### WHAT YOU ARE ASKED TO DO
Your copy should begin with the line containing "Nascar sprint Cup", end with the line containing "Silvi Di - Make you mine - live performance", match the listing below exactly, and contain no pictures.

### RECORDS SUPPLIED
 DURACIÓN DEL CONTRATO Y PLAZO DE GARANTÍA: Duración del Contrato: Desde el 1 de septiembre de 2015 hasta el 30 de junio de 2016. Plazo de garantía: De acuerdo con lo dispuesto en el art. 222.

==

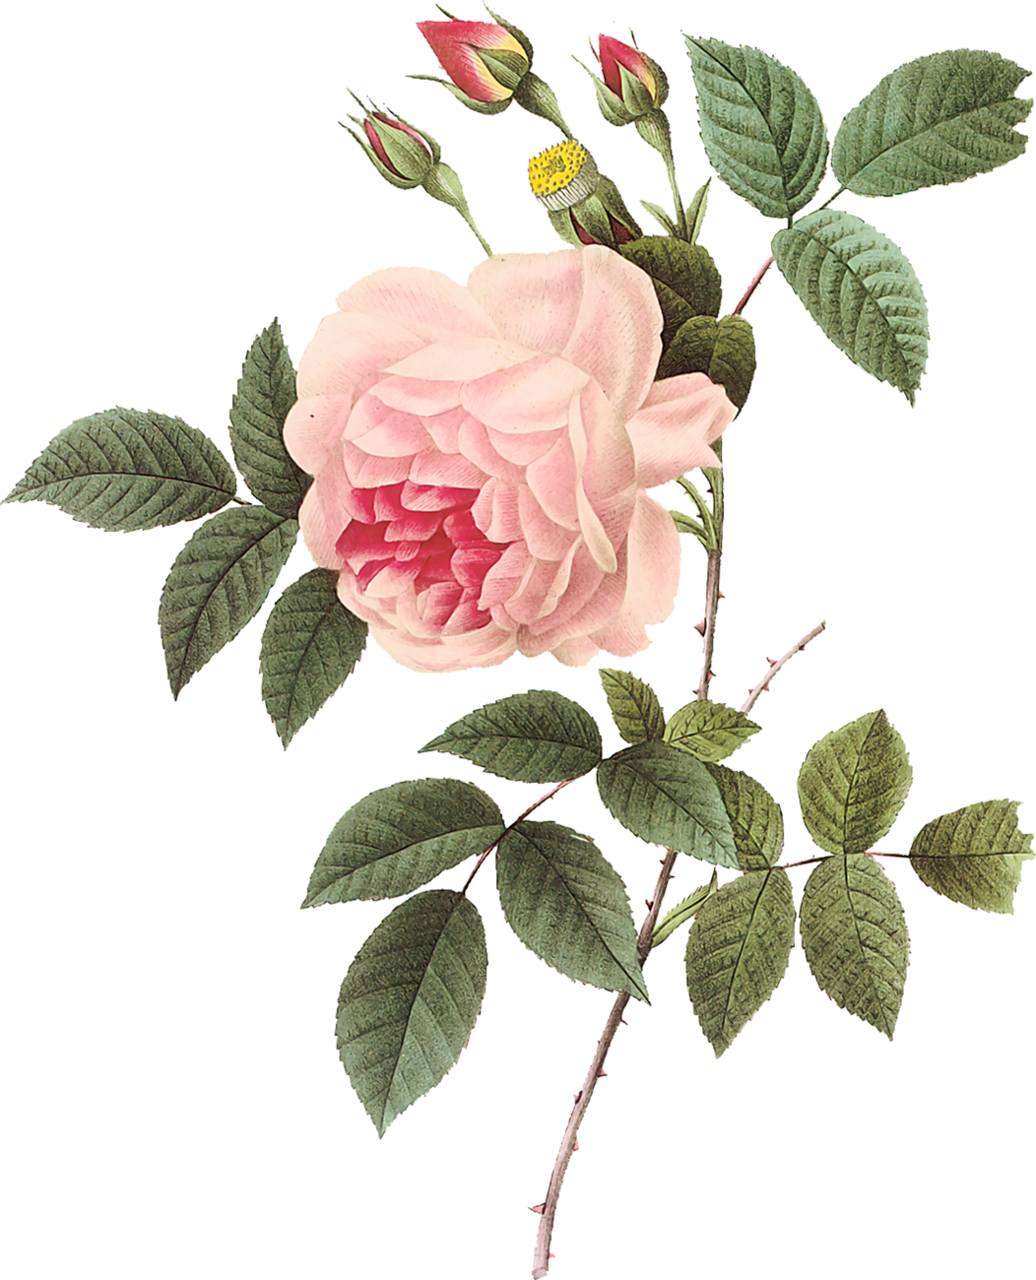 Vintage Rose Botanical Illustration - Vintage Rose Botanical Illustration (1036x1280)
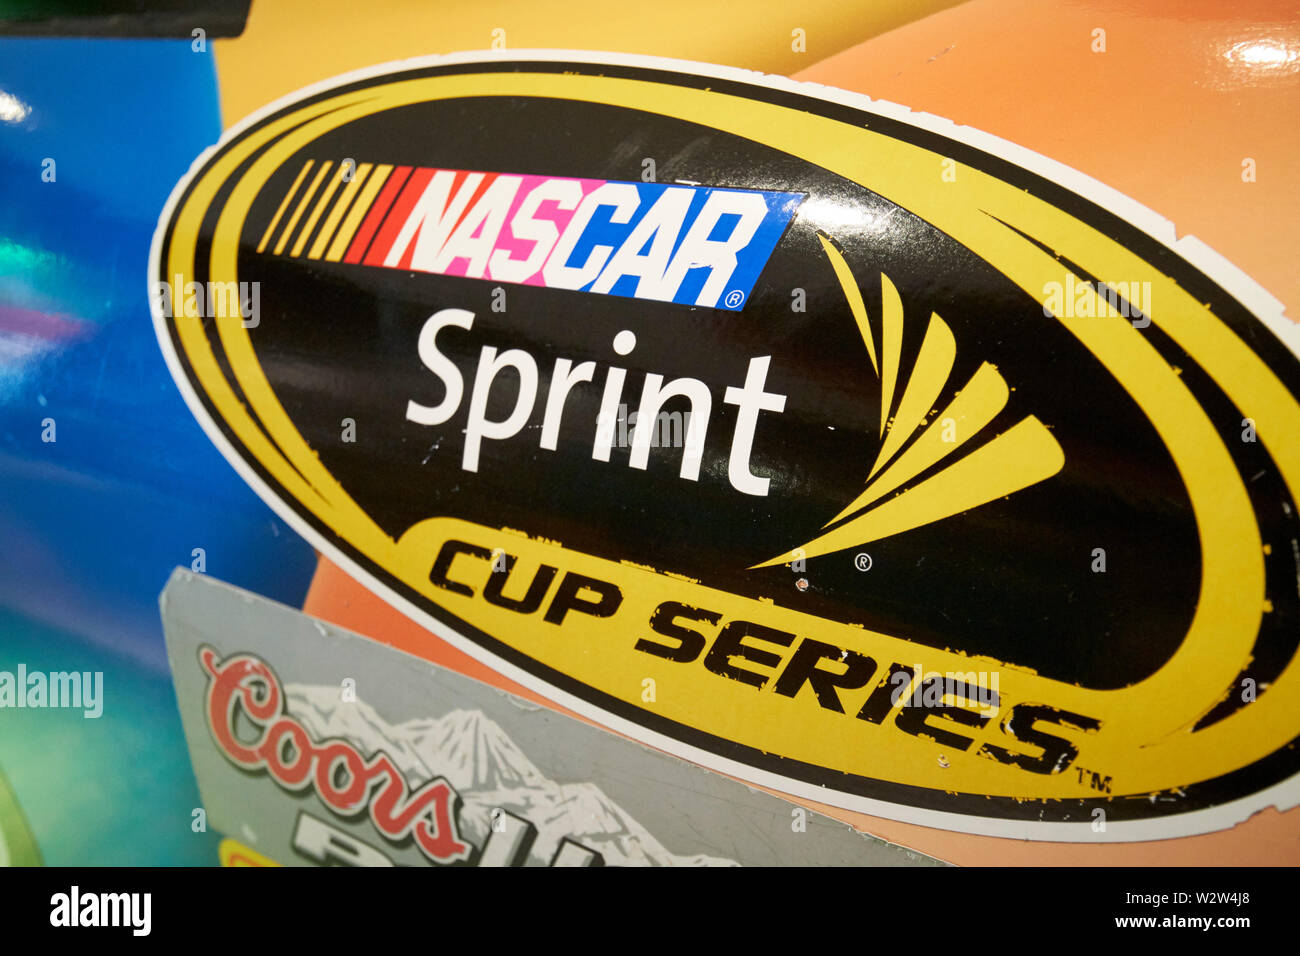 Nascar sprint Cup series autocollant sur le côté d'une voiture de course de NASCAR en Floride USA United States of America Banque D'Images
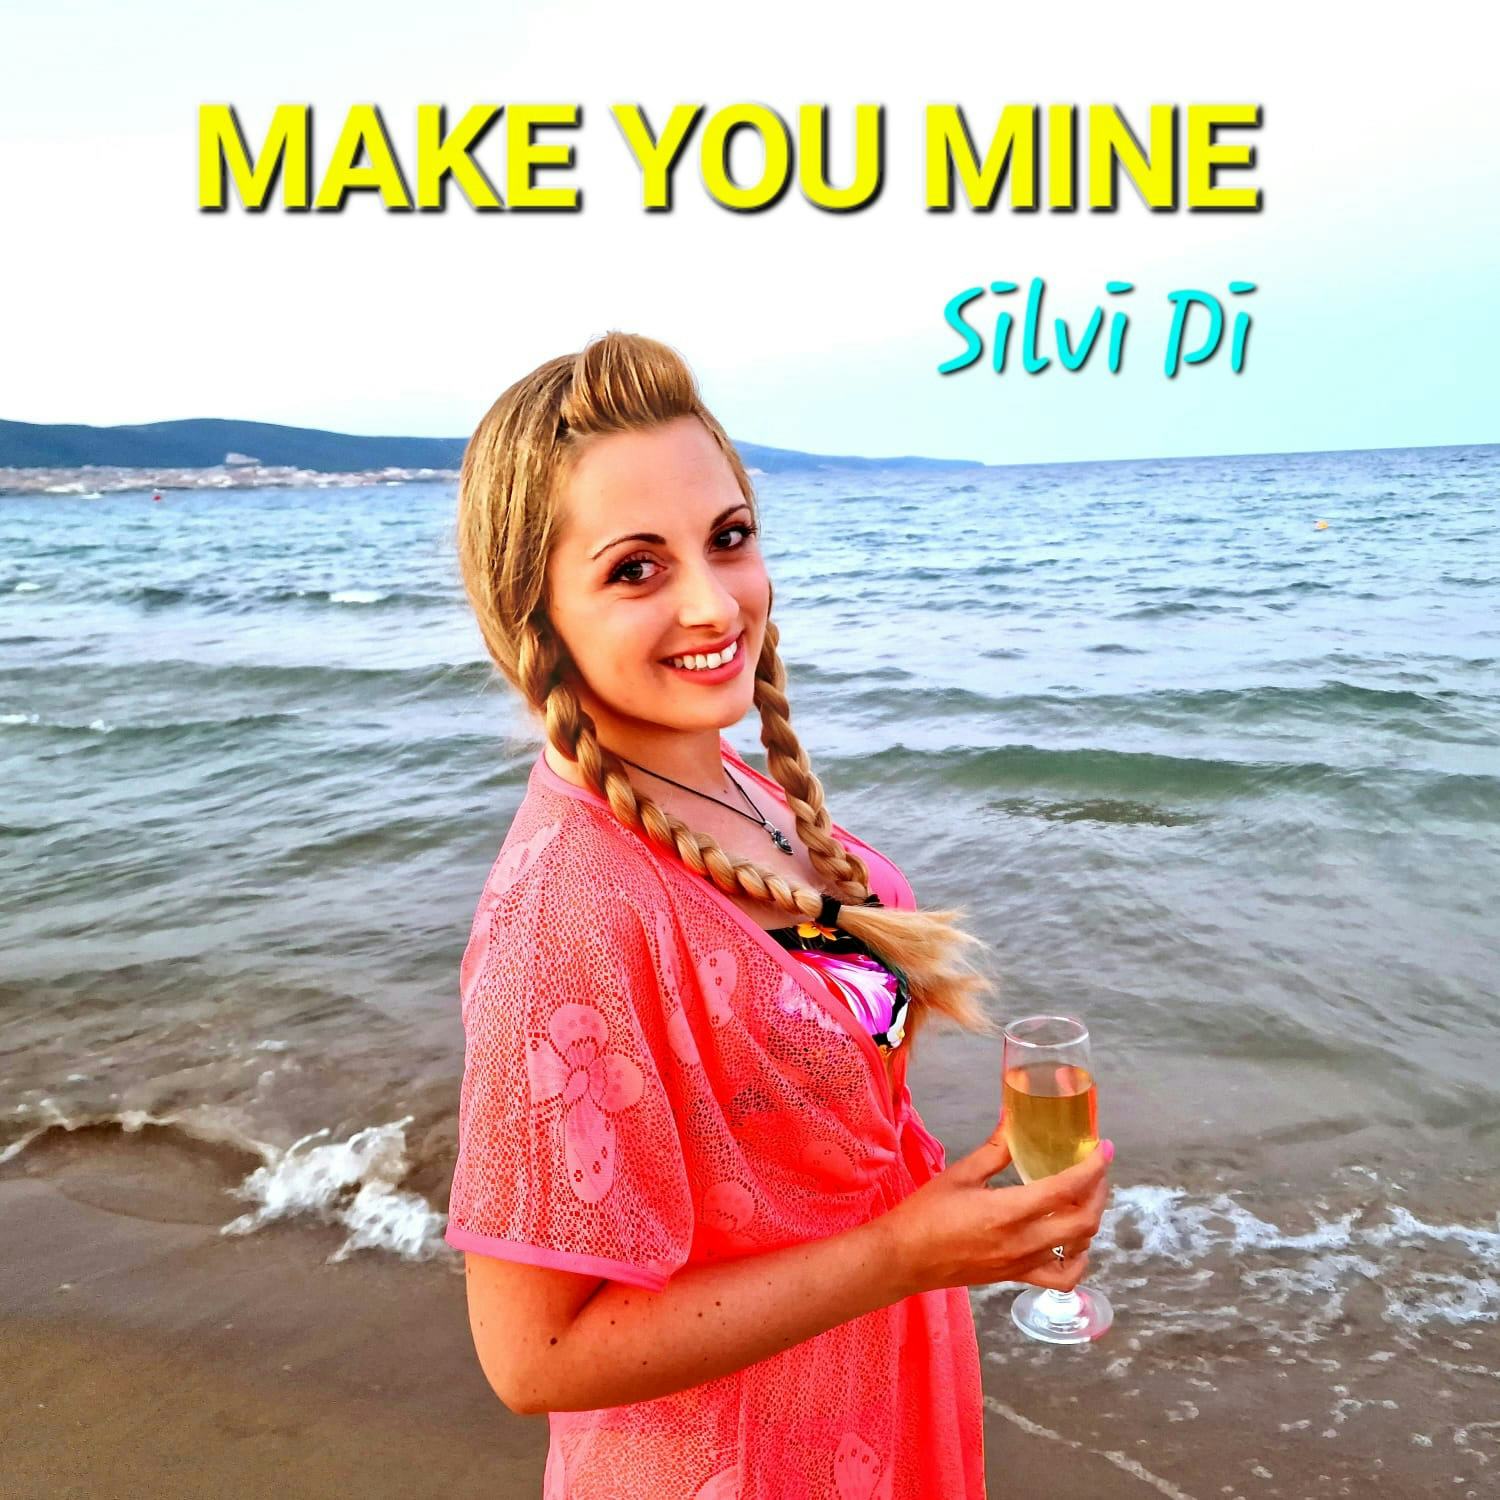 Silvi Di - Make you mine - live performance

### FINISHED TASK
 Nascar sprint Cup series autocollant sur le côté d'une voiture de course de NASCAR en Floride USA United States of America Banque D'Images
 Silvi Di - Make you mine - live performance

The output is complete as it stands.